Here's the thing I'm not sure how to say, today, but it keeps spinning in my head so I'll try, in one burst:
I'm much better with failure than I am with success.
The past three years, I've spent conscious effort learning the skills to navigate disappointments. I've walked through the Twelve Step model of recovery, read countless about healing shame and giving up control, poured hours of study into my personal growth, rebuilt my physical health, and learned new ways of meeting God. I love my life now.
I have practiced at walking through not getting my way, staying connected to myself even when stressed, setting boundaries, and healthier ways to engage people. My relationship with God is hilarious.
I can recognize grief, identify shame, and list out my ugly emotions. Humblebrag alert, but I can do these things like a freaking rock star. It's never pretty, but I've got the tools now. I can sit in those hard places and not run away.
You give me failure and loss and I know exactly what to do. I can start working it out like a boss. Boom.
I can own the crap out of my failure.
But here I sit, maybe on the edge of really great exciting things, with sparks all around me, and I feel totally exposed again.
There is vulnerability in walking through pain, but I am discovering that there is huge vulnerability in joy.
I was talking about these new, beautiful things to my friend Ally today and she said something so simple: "You deserve this!"
And there it was again, the first thought through my head, the shaming voice I hear every time something goes wrong and then have to punch in the face. But this time it said a new thing: "No, you don't deserve great things. You can have neutral, fine, average things."
I realize that I end up not being able to enjoy good things, because I'm waiting for them to fail so I can start my familiar recovery process. I feel more in control with the powerlessness of failure.
That's messed up, right?
I've worked myself out of a theology and lifestyle that says I deserve bad things, but now I have to move beyond that into believing that I am worthy of good things.
I love myself and I know I am deeply loved and accepted by my friends, family, and God.
But could I handle a great romance? Success and recognition and opportunity in my work?

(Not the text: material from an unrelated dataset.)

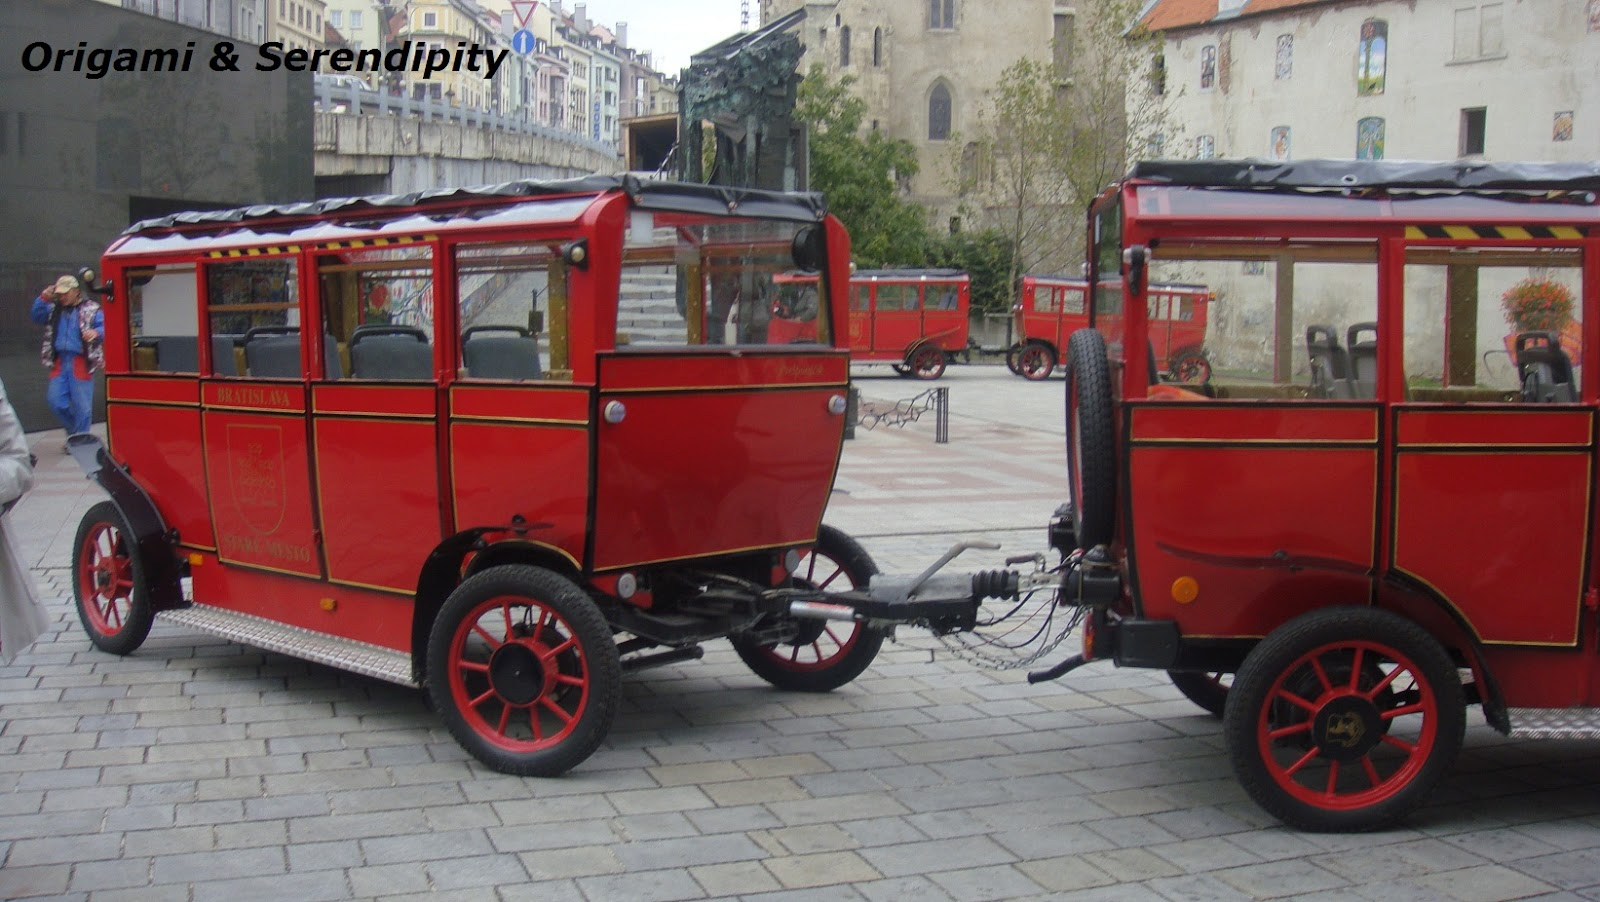 Bratislava, Elisa N, Blog de Viajes, Lifestyle, Travel

Do all great things come at the expense of someone else? Is a neutral life of mostly bad, but a little good, the best kind of life? Would I just end up relying on external things and spinning out of control again if I lose them? Will people think I'm selling a new shoddy Christian formula for a surface perfect life? Could I make money at that? (jk)
I'm not sure about any of that.
But I am here, blurting it all out, and hoping for new growth.